## Problem details
Retype the listing exactly as it stands, and keep every image out.
(Raw data begins)
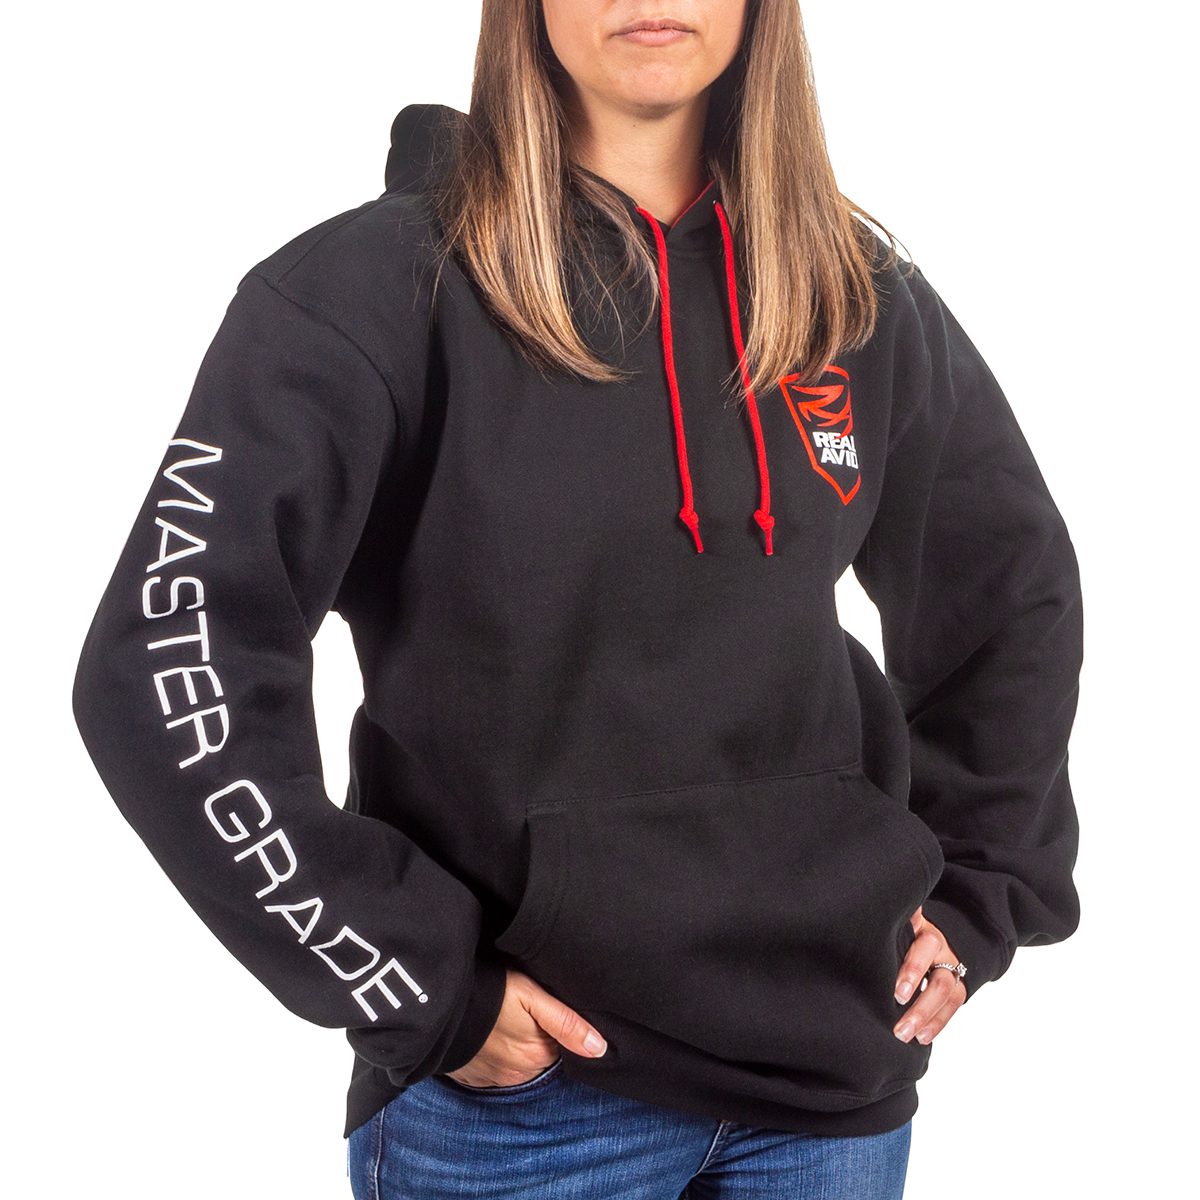 a woman wearing a black hoodie with white writing on it
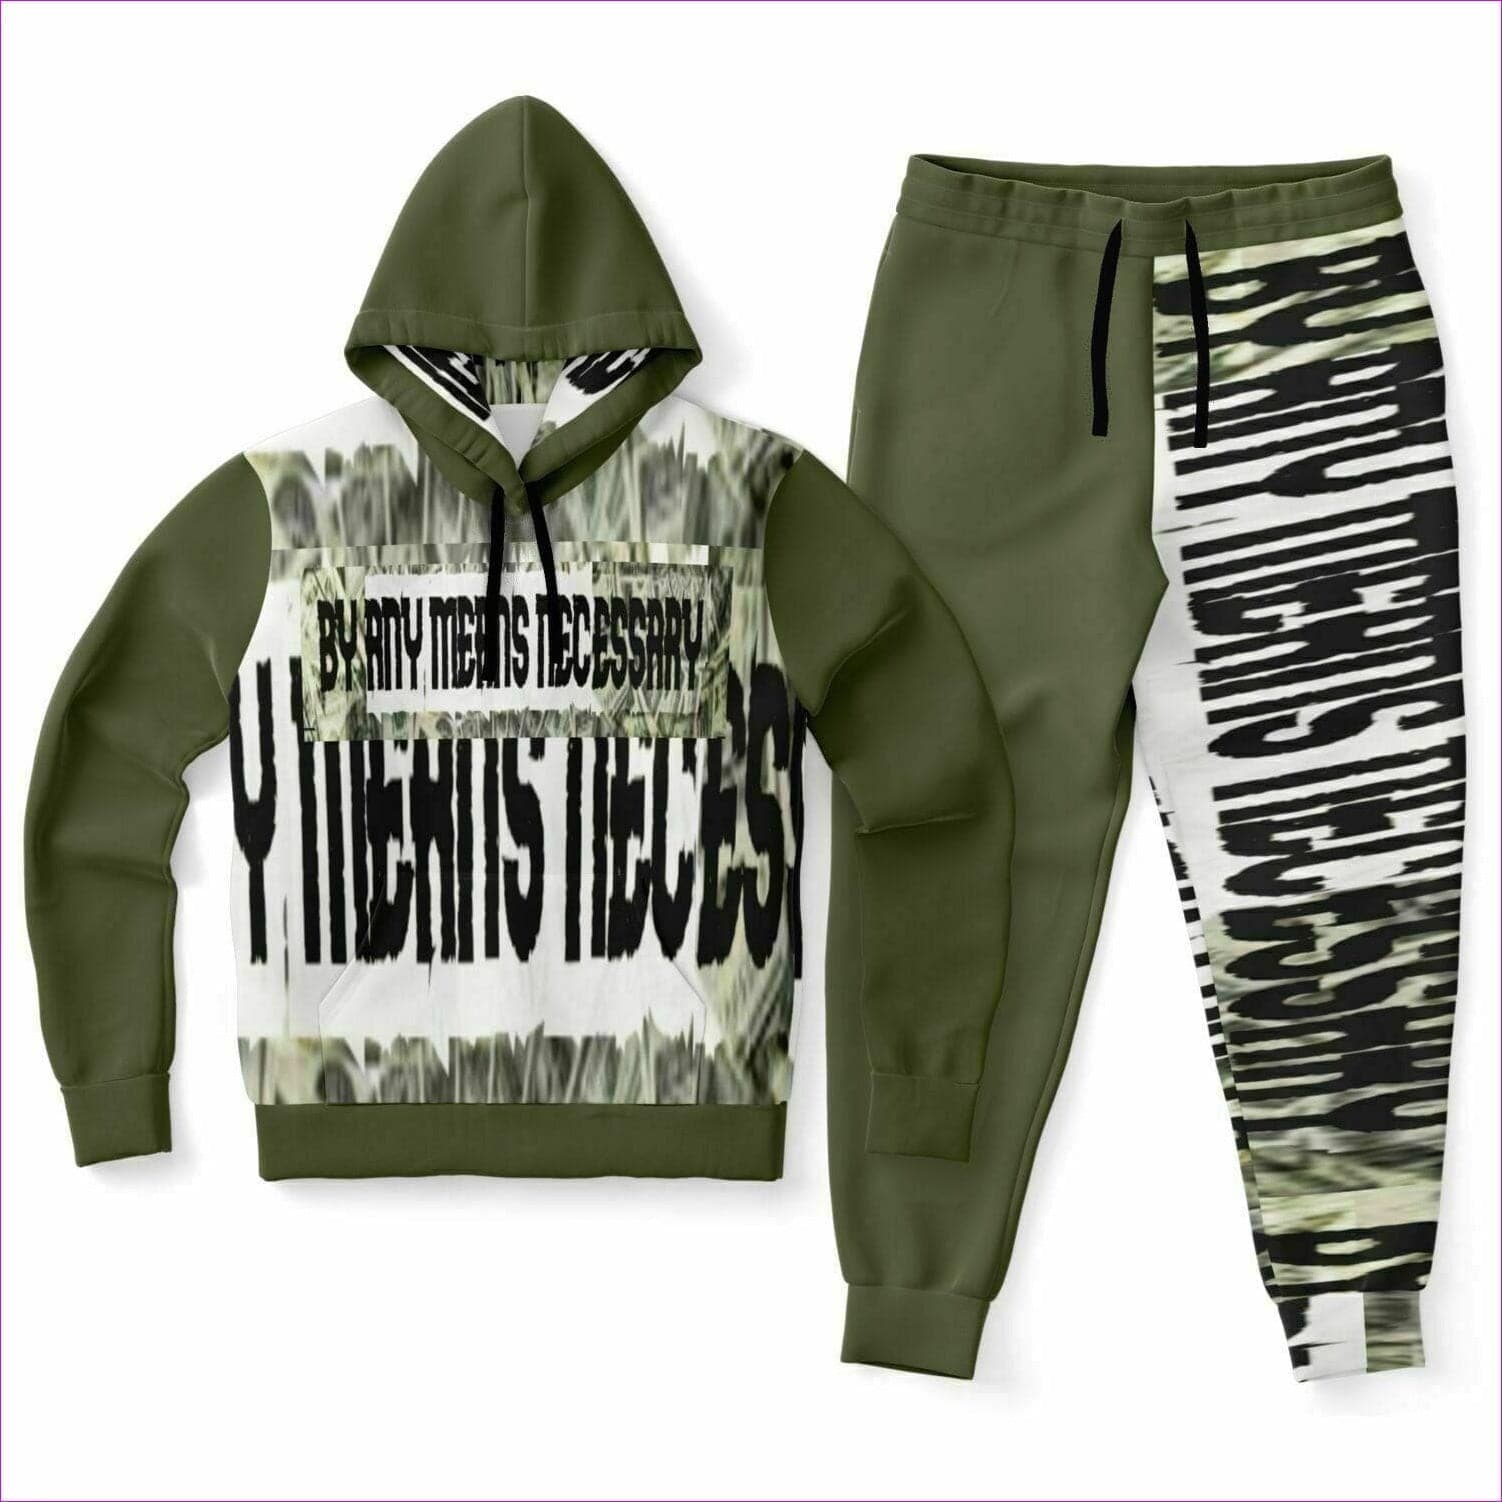 - B.A.M.N (By Any Means Necessary) Unisex Premium Jogging Set 2 - unisex jogging set at TFC&H Co.
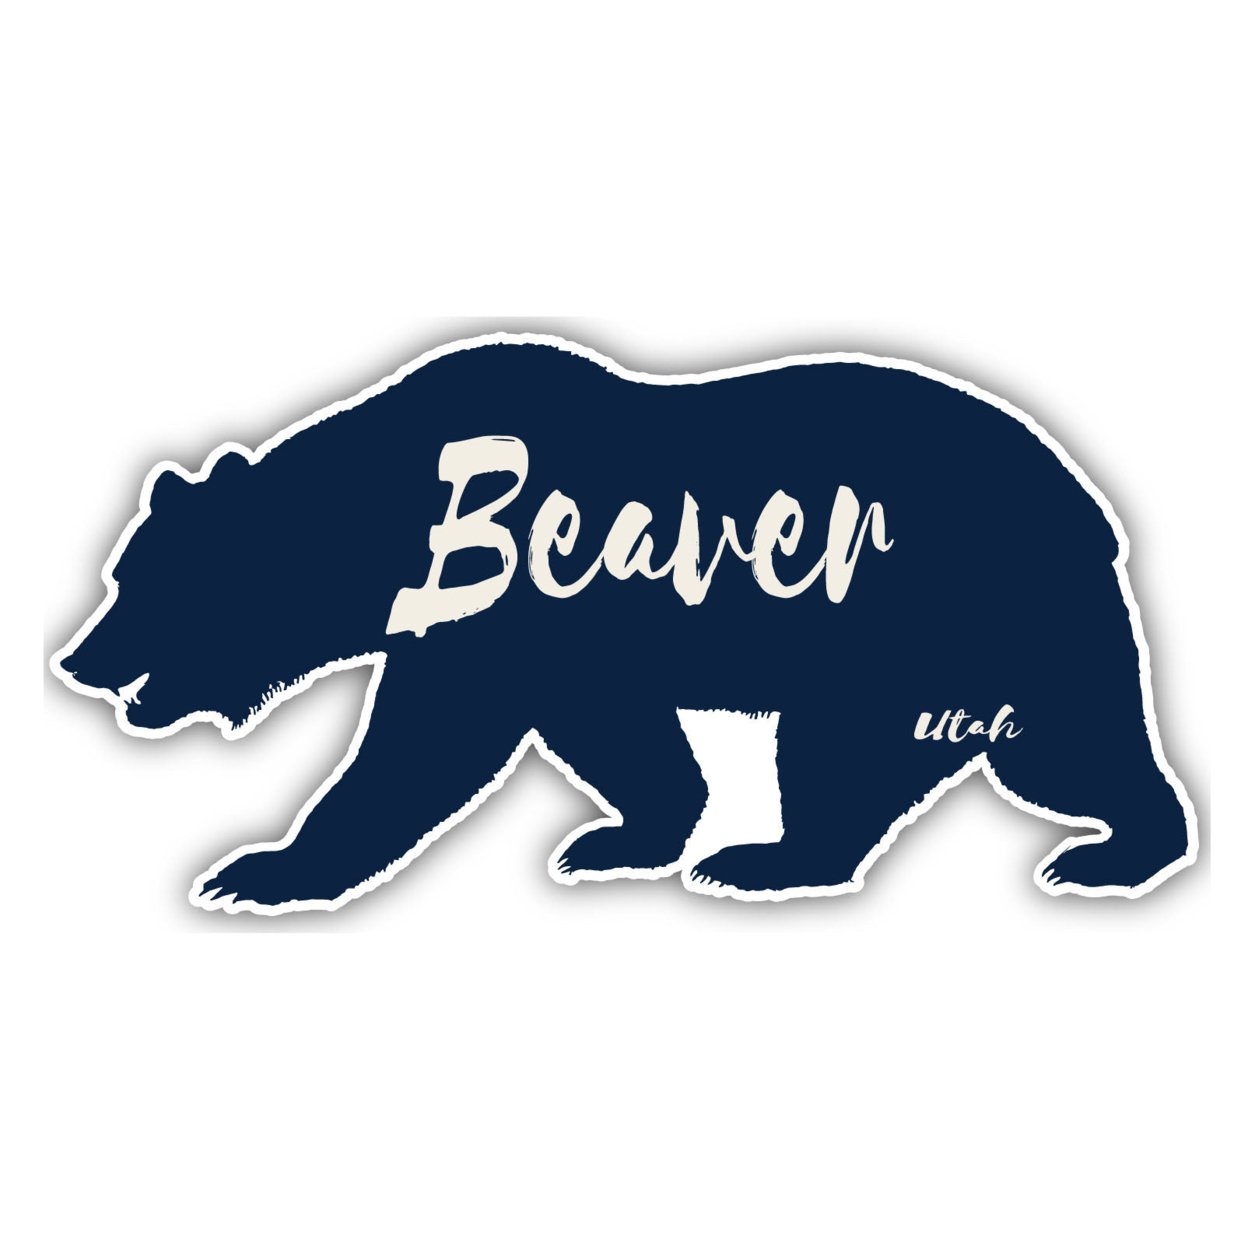 Beaver Utah Souvenir Decorative Stickers (Choose Theme And Size) - 4-Pack, 4-Inch, Tent
(Raw data ends)
## Solution to this exercise
 a woman wearing a black hoodie with white writing on it
 - B.A.M.N (By Any Means Necessary) Unisex Premium Jogging Set 2 - unisex jogging set at TFC&H Co.
 Beaver Utah Souvenir Decorative Stickers (Choose Theme And Size) - 4-Pack, 4-Inch, Tent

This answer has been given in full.